Combined Breast Clinic, St. George's Hospital, London SW17 0QT, UK.
Eur J Surg Oncol. 2011 Sep;37(9):754-7. doi: 10.1016/j.ejso.2011.06.011. Epub 2011 Jul 18.
A final review of a historical trial commenced in 1982 comprising 200 patients aged 70 or over with operable breast cancer randomised to surgery or tamoxifen with crossover on recurrence has shown that at 21-28 years follow-up,all have died from verified causes. 43 in the surgical arm and 40 in the Tamoxifen arm died of breast cancer (41.5% in total). 117 patients (58.5%) died of other verified causes unrelated to breast cancer. These patients in effect achieved a cure from breast cancer. The survival curves for both those treated by surgery or Tamoxifen are similar as are the associated curves comparing deaths from breast cancer and other causes.
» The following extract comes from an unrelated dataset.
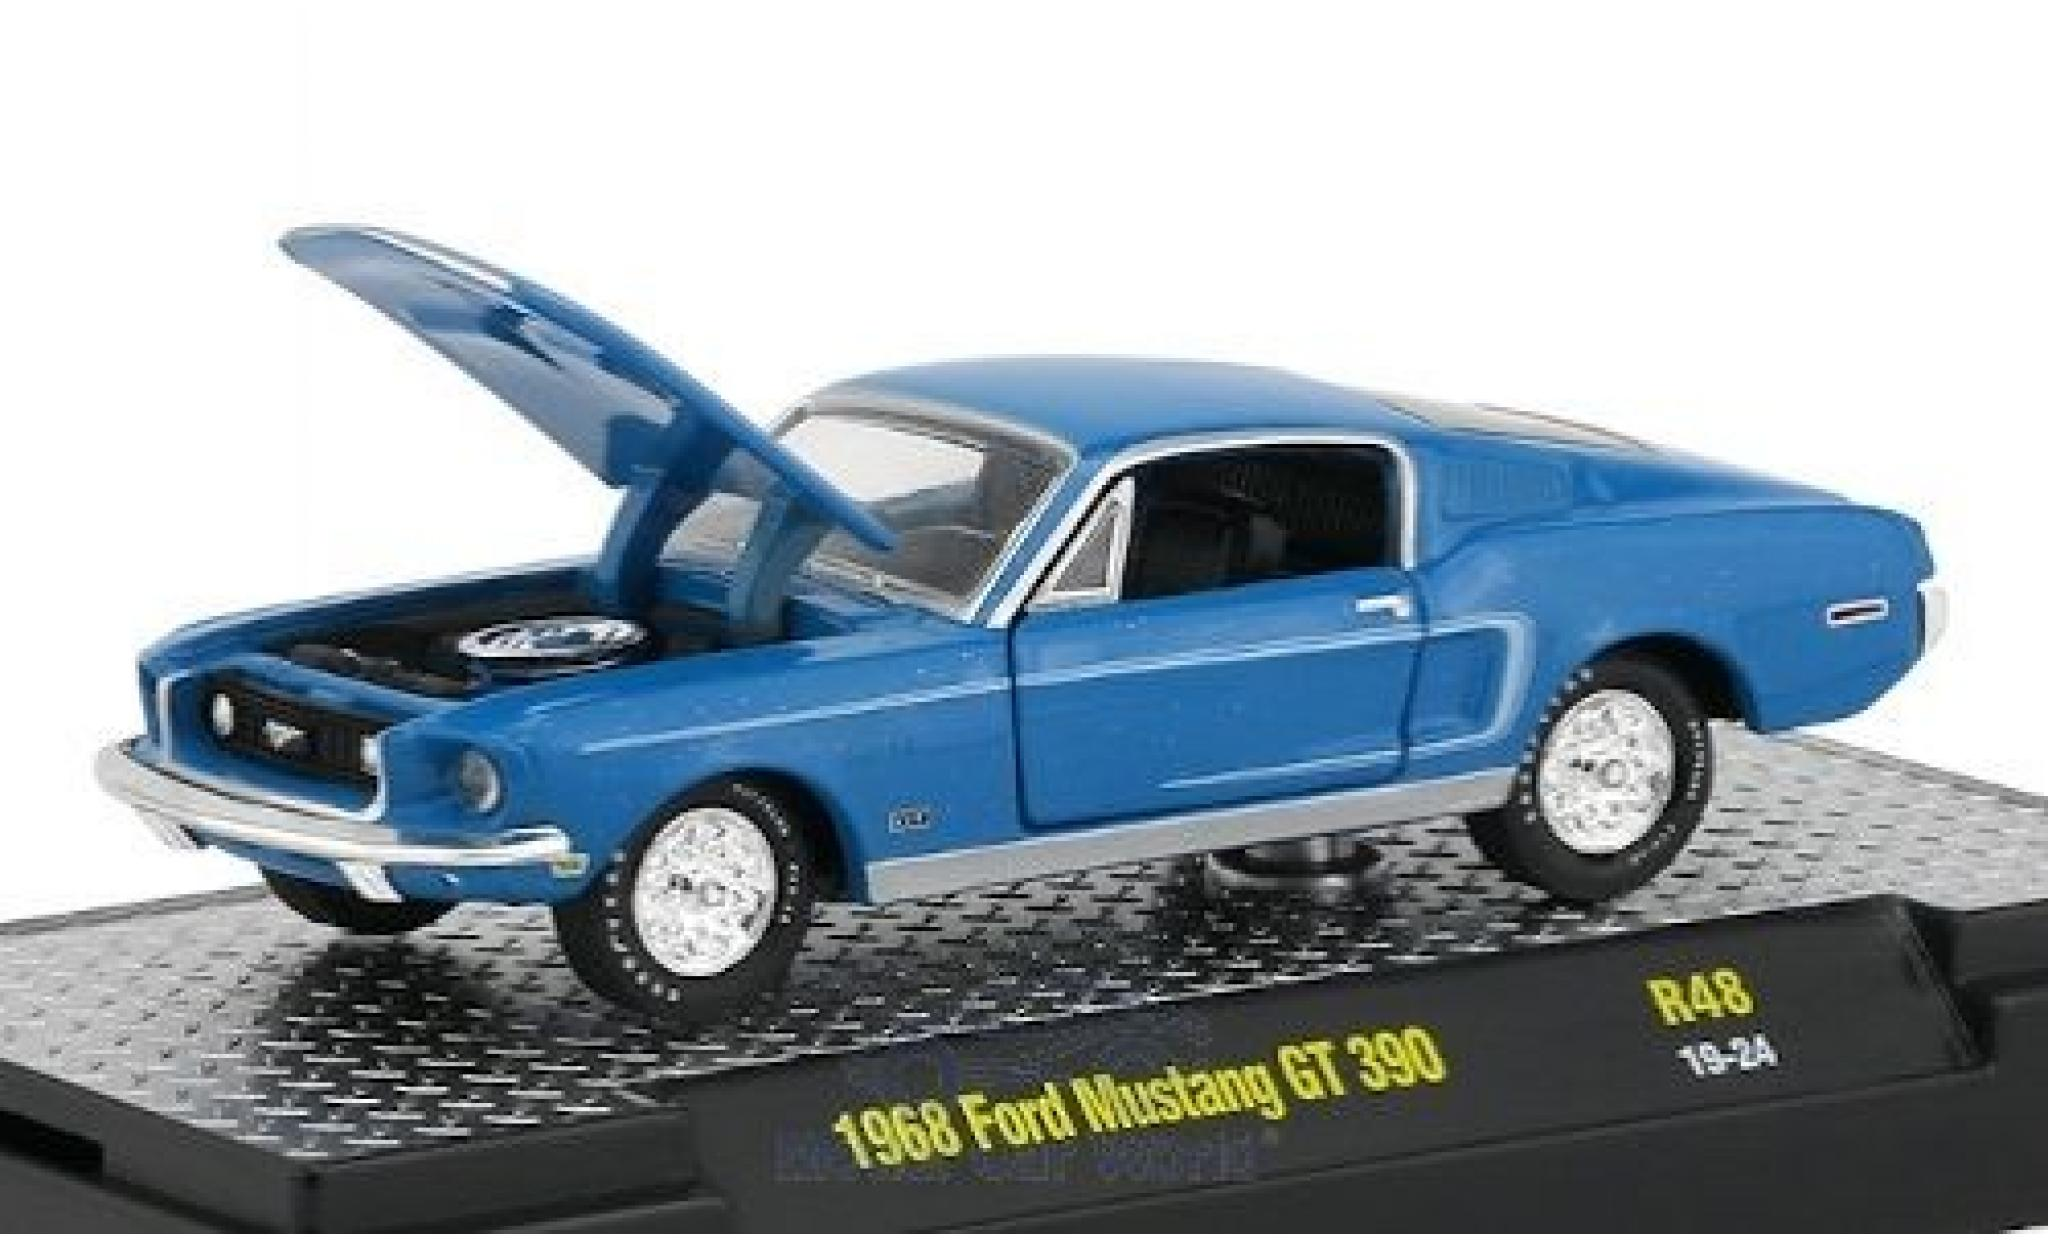 Ford Mustang I 2 génération GT Cobra Jet coupé jaune 1968 1//18 MAISTO Modèle A..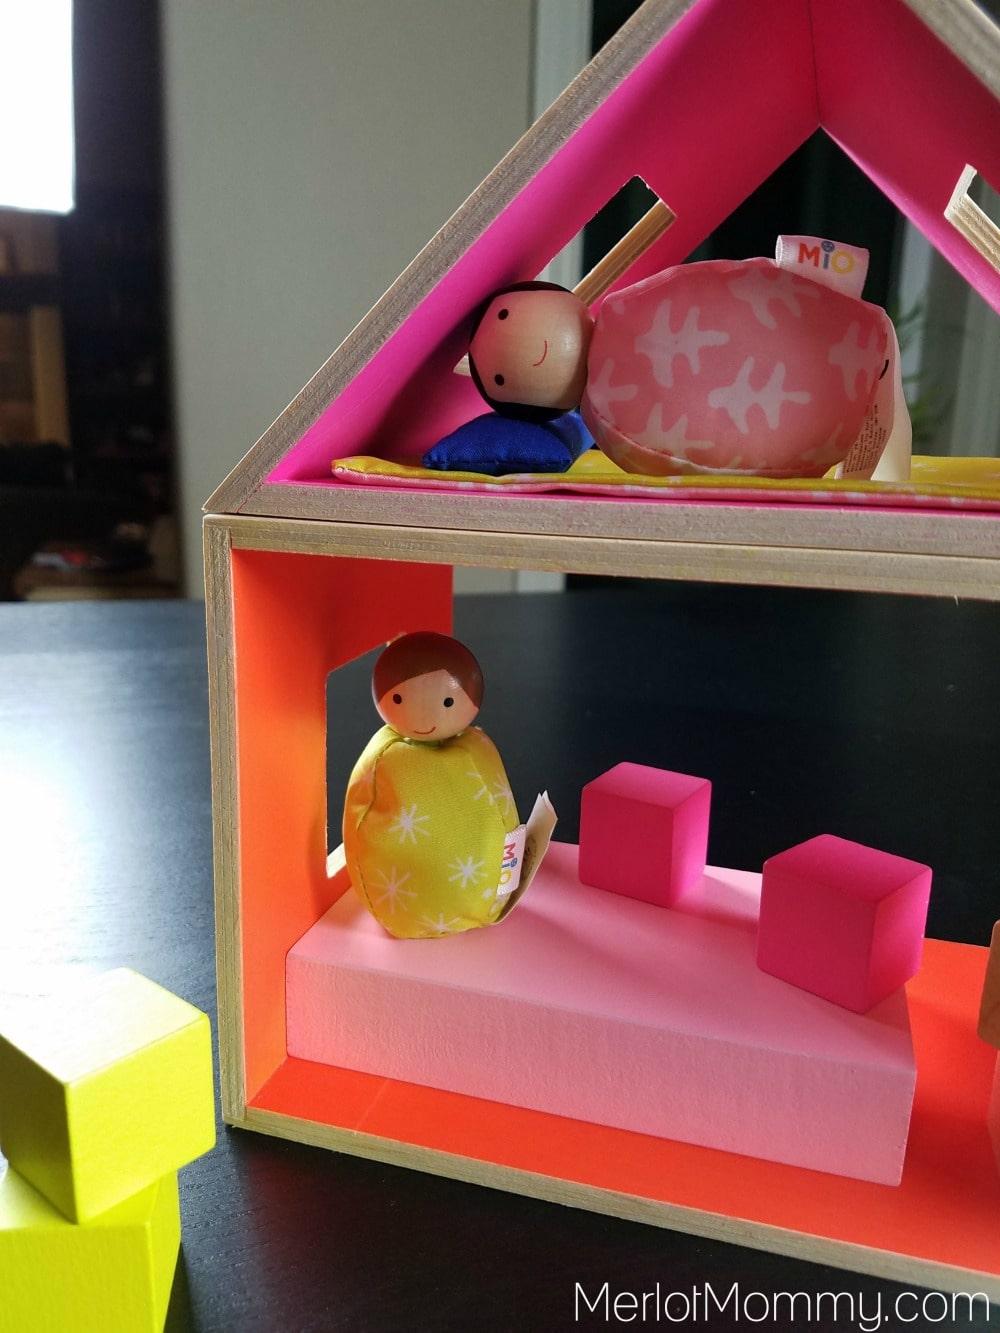 MiO Collection by Manhattan Toy - MiO Sleeping + 2 People set

However although 50% of deaths from breast cancer occurred within the first five years of follow-up, further deaths from breast cancer occurred up to 25 years later. Thus at long term follow-up in a highly selected and favourable group of patients recurrence and death from breast cancer still occurred. This confirms the view that at no time in the post treatment period can one state that any patient is cured of breast cancer. However with favourable patient presentation and optimal current treatment there is a high probability that in a significant number of patients a personal cure will be achieved as described by Brinkley and Haybittle.
对 1982 年开始的一项历史性试验进行了最终回顾,该试验纳入了 200 名年龄在 70 岁以上的可手术乳腺癌患者,随机分为手术组或他莫昔芬组,复发时可交叉治疗。结果显示,21-28 年随访后,所有患者均因证实的原因死亡。手术组 43 例,他莫昔芬组 40 例死于乳腺癌(总病死率为 41.5%)。117 例(58.5%)患者死于其他与乳腺癌无关的经证实病因。这些患者实际上已经治愈了乳腺癌。手术组和他莫昔芬组的生存曲线相似,乳腺癌和其他病因所致死亡的相关曲线也相似。然而,尽管 50%的乳腺癌死亡发生在随访的前 5 年内,但仍有乳腺癌死亡发生在 25 年以后。因此,在高度选择和有利的患者群体中进行长期随访时,仍会发生乳腺癌的复发和死亡。这证实了这样一种观点,即在治疗后任何时候,都不能说任何患者已经治愈了乳腺癌。然而,对于具有良好临床表现和最佳现有治疗的患者,如 Brinkley 和 Haybittle 所述,在很大一部分患者中,极有可能实现个人治愈。